Fármacos inteligentes: un viaje alucinante al interior del cuerpo humano

Pedro SerenaPor Pedro Serena (CSIC)*

¿Alguien recuerda Viaje alucinante, dirigida en 1966 por Richard Fleischer? En esta película, un submarino y su tripulación son miniaturizados para navegar por el interior de una persona y destruir un coágulo formado en su cerebro. Pues bien, los nuevos sistemas de liberación inteligente o dirigida de fármacos son ya una realidad sin necesidad de tener que miniaturizar al personal médico.

Eso sí, a medida que pase el tiempo, estos sistemas se irán haciendo más complejos, sofisticados y versátiles y, quién sabe, puede que sean capaces de convertirse en auténticos nano-robots. Hoy por hoy esto es parte de la ciencia ficción, pero veamos qué fármacos inteligentes están ya disponibles gracias a la nanotecnología. Esta disciplina, al trabajar en una escala sumamente pequeña (un nanómetro equivale a una mil millonésima parte de un metro), permite la manipulación de los materiales a nivel molecular, cambiando sus propiedades de forma asombrosa.

Nanotubos

Los nanotubos de carbono se usan como vehículos en los fármacos inteligentes. / EMSL

En el ámbito médico, la nanotecnología ha posibilitado la denominada liberación controlada de fármacos, mediante la cual el principio activo que se desea hacer llegar a una región del organismo se une a un dispositivo de tamaño nanométrico que lo dirige al lugar adecuado. Así aumenta su eficacia y se evitan los efectos secundarios en otras partes del cuerpo. Sin embargo, este ‘nanovehículo’ debe cumplir varios requisitos, como ser resistente en los medios biológicos, tener una vida media relativamente elevada y, evidentemente, no ser tóxico.
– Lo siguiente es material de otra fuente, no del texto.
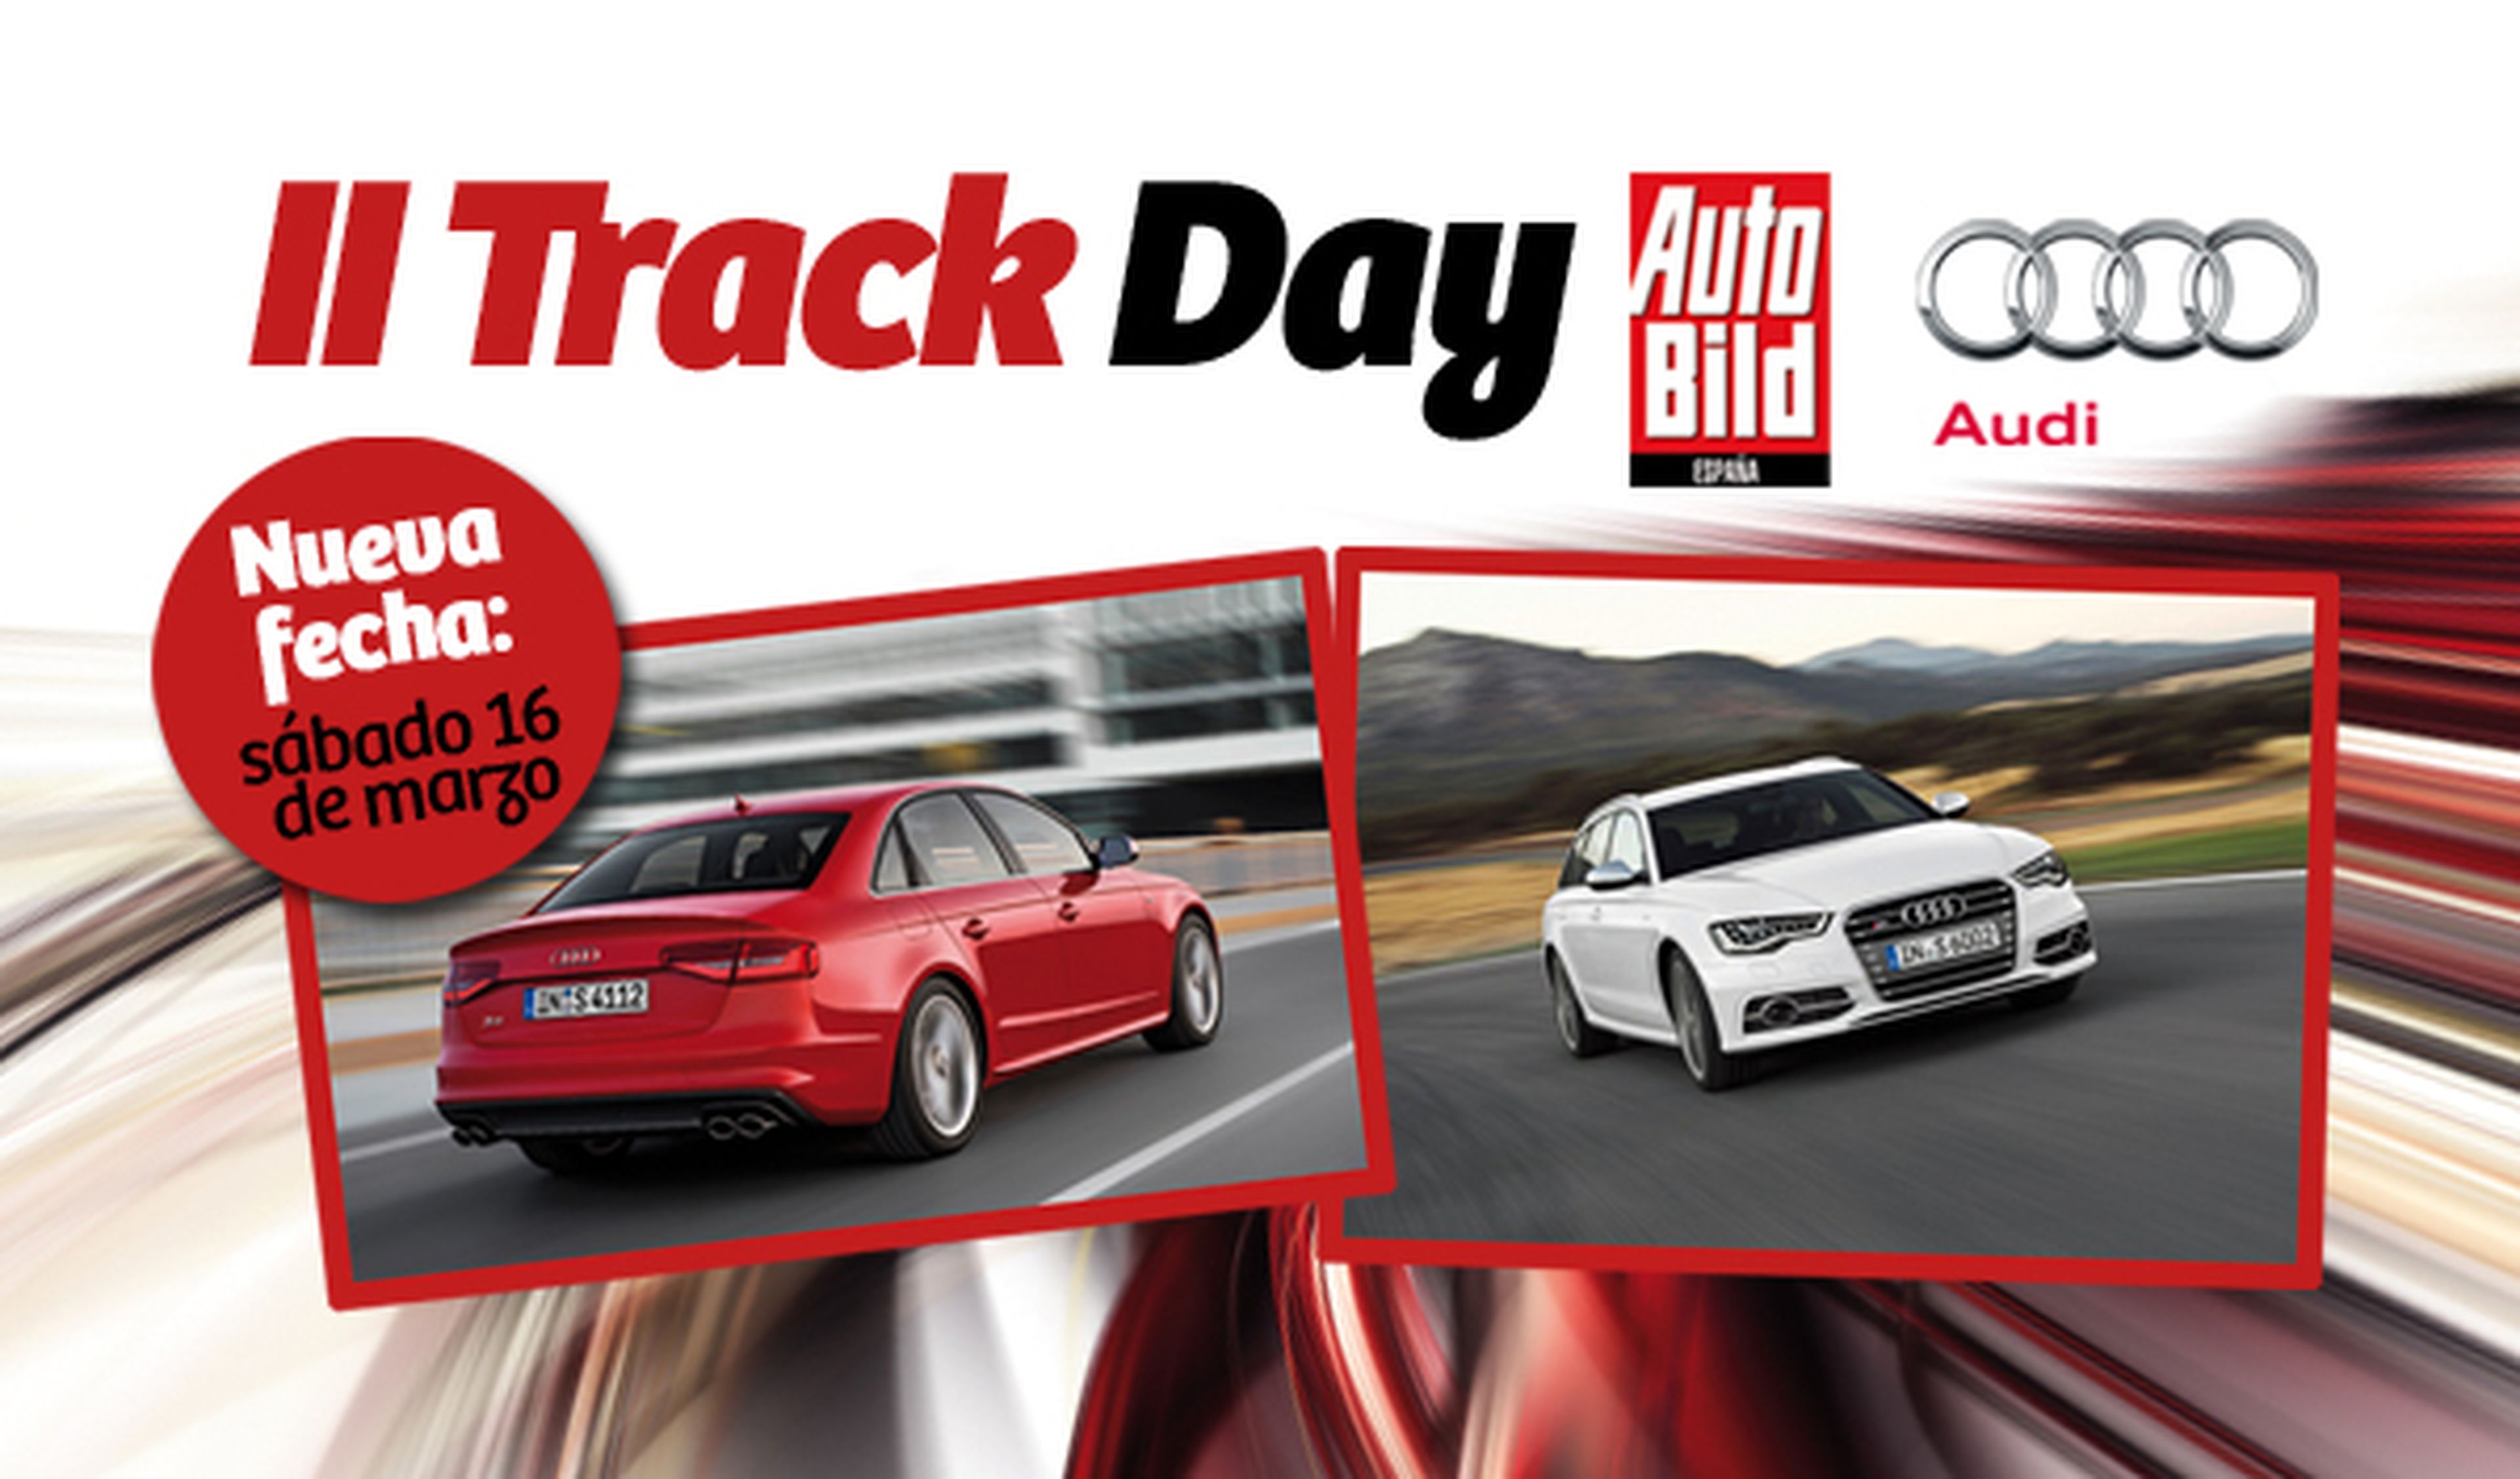 II Track Day AUTO BILD & Audi en el Circuito Kotarr

Cuando funciona, el sofisticado tándem (principio activo del fármaco y vehículo que lo transporta) es capaz de atravesar capilares, poros y membranas celulares. En otras palabras, los fármacos inteligentes funcionan de manera análoga a un misil que rastrea el calor hasta llegar a su objetivo. En este caso el medicamento se mueve por el torrente sanguíneo o el interior de las células hasta llegar a su destino para liberar total o parcialmente su principio activo.

Viaje alucinante

‘Nanovehículo’ de Viaje alucinante / James Vaughan

Para ello se utilizan nanotransportadores como los dendrímeros –moléculas artificiales que encapsulan la medicina– o los nanotubos de carbono –conductos diminutos de láminas de átomos de carbono enrolladas por los que circula el medicamento–. Estos ‘vehículos’ incorporan sustancias, por ejemplo proteínas, que reconocen otras proteínas específicas de la célula o tejido enfermo. En otros casos, si el nanotransportador es magnético puede ser guiado hasta la zona afectada mediante campos magnéticos externos, igual que movemos un clip sobre una superficie de papel con un imán.

Aunque esta estrategia parezca ciencia ficción, en la actualidad ya se comercializan alrededor de 200 fármacos que emplean diversos tipos de vehículos nanométricos para su administración por vía oral, intravenosa, inhalada o tópica. Entre ellos podemos mencionar los liposomas de daunorubicina para el tratamiento de leucemias, los liposomas de doxorubicina para tratar el carcinoma de ovario o las nanopartículas de albúmina con paclitaxel para curar el cáncer de mama.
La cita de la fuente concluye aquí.